Provincial
Poor cellphone network adds to herders’ woes
Pokot pastoralists in search of pasture. Residents blame frequent raids on poor communication network with security personnel as pastoralists who lose livestock resort to avenging the attack and organise to recover their animals. Photo/FILE
Posted Wednesday, March 16 2011 at 21:45
Most Kenyans acknowledge that mobile phones have revolutionised communication and have become a basic necessity.
But Mr Lomukele Kabelbos, 40, of Akoret, East Pokot District, disagrees. To him, communication using mobile phones in arid and semi-arid lands is frustrating and cumbersome.
Lack of a proper network hampers reception of signals in the region. Add to that a deplorable transport network and you get pastoralist communities on the verge of exasperation.
Transport and communication, Mr Kabelbos says, go hand in hand and if one is paralysed, the other cannot serve efficiently.
“Even reaching the district headquarters to inform security personnel of an impending security lapse takes days.

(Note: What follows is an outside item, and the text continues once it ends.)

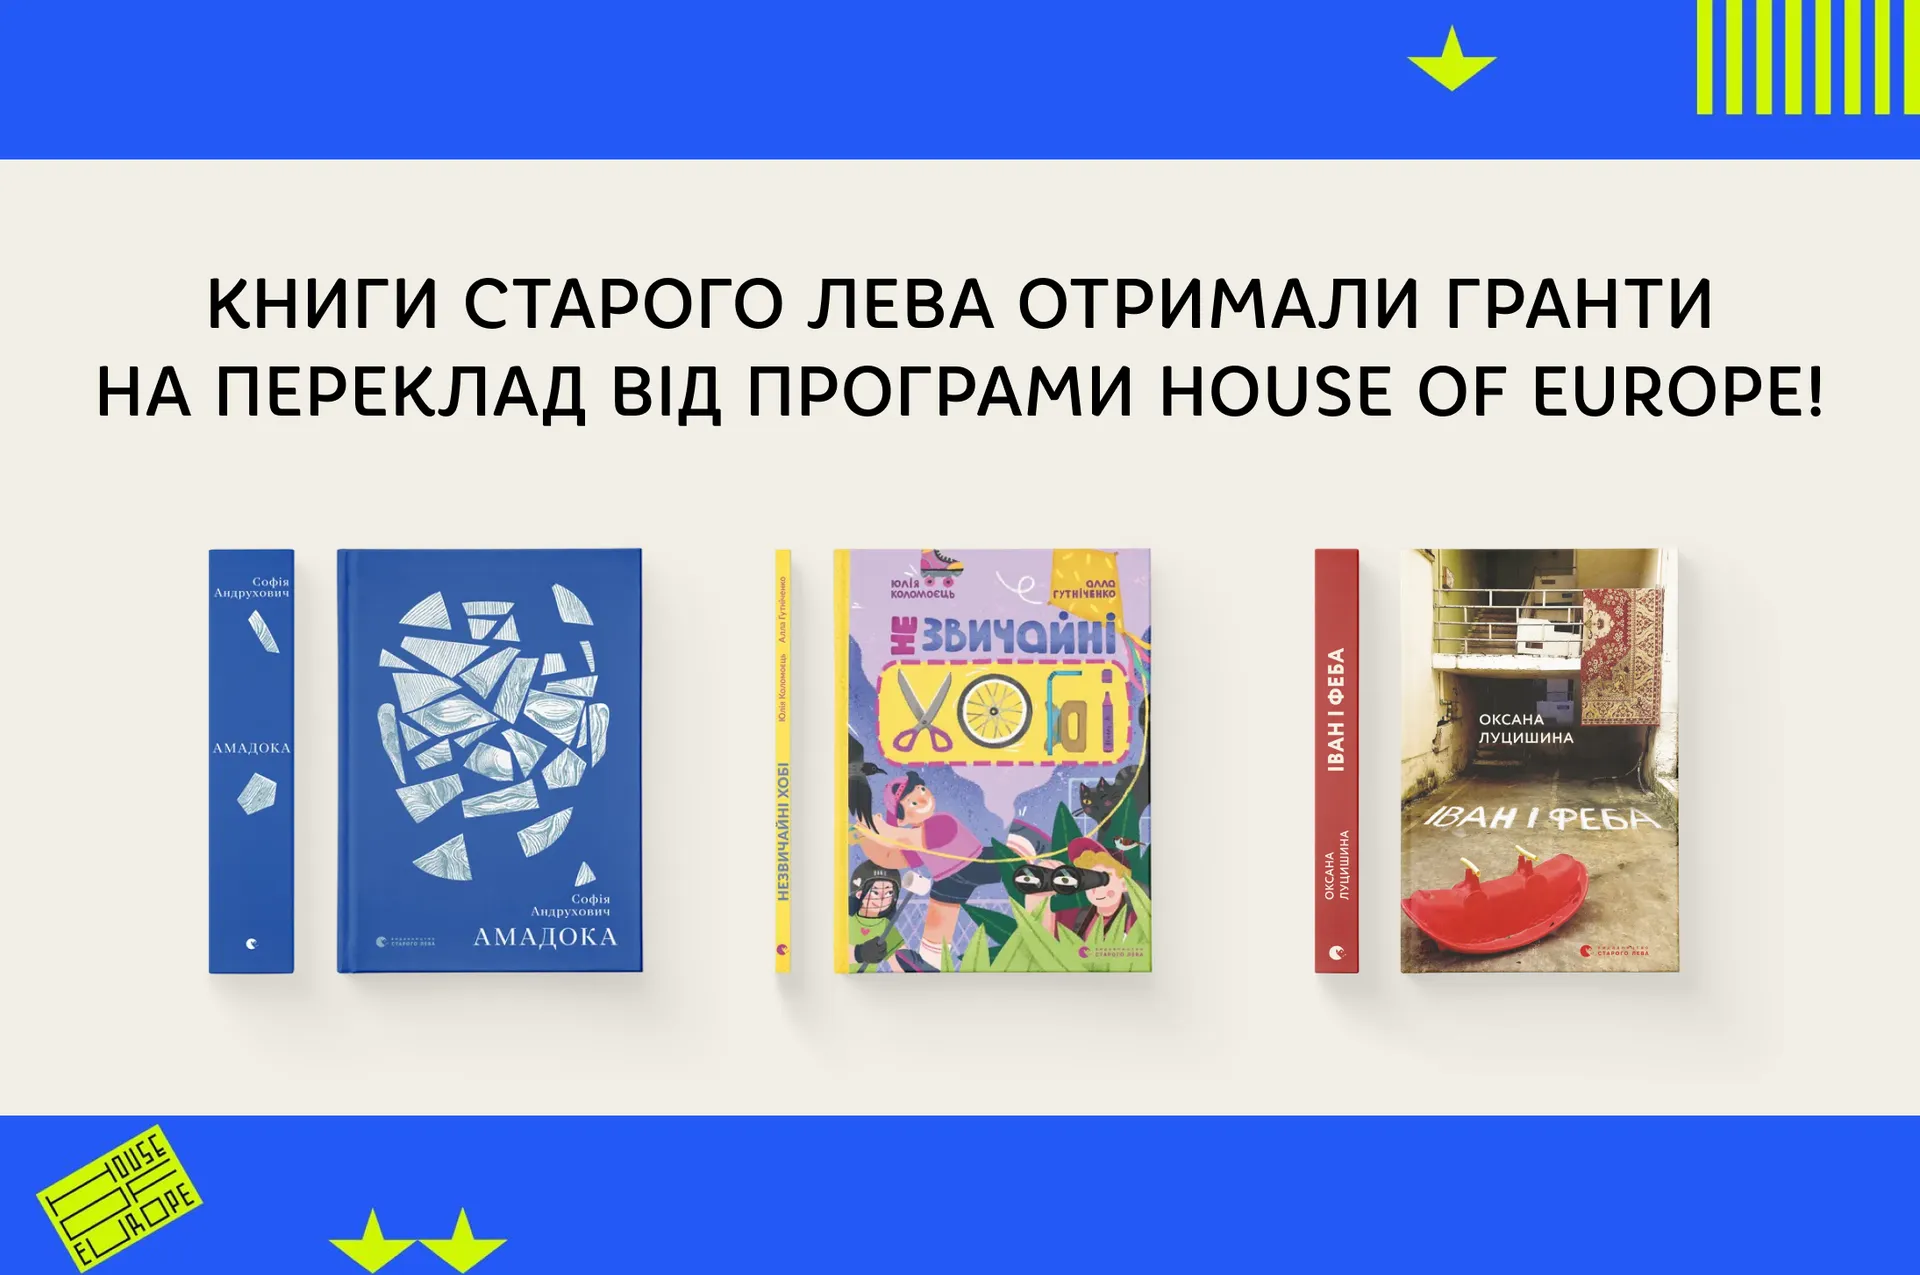 Книги Старого Лева отримали гранти на переклад від програми House of Europe!

“Few of us who have phones have to cover long distances moving up the hills to locate where the device can be used,” he explains.
Posed challenges
The impassable roads and poor network connectivity for mobile phone services, the residents say, have posed challenges to the communities’ efforts to contain crime.
And now, the pastoralists want the government to invest in long term solutions to end cattle rustling and banditry.
The outcry comes barely two weeks after armed bandits raided Kulal area in East Pokot District and fled with 2,755 head of cattle after killing two herders.
During food distribution at Konger trading centre in the district, the residents said response from security personnel comes too late when the attackers have long gone, all due to poor infrastructure.
The government, they said, should open up roads in the area and intensify patrols to arrest the situation that they said had retarded development in the region.
“Look at our roads. Not any type of vehicle can pass through this rough terrain that is full of rocks and dust.
“Does it mean the government doesn’t attach any economic value to areas inhabited by pastoralist communities?”asked Akoret ward civic leader Omari Kukat.
Recover animals
He cited the Kulal attacks saying the police responded after three days because even informing them that they were in danger was difficult since mobile phones are not operational in most parts of the district.
Residents blamed frequent raids on poor communication network with security personnel as pastoralists who lose livestock resort to avenging the attack and organise to recover their animals.
“We shall be branded cowards if we don’t go for our animals. Besides that, without a revenge attack, our enemies will return for more raids,” said Mr Michael Lomade.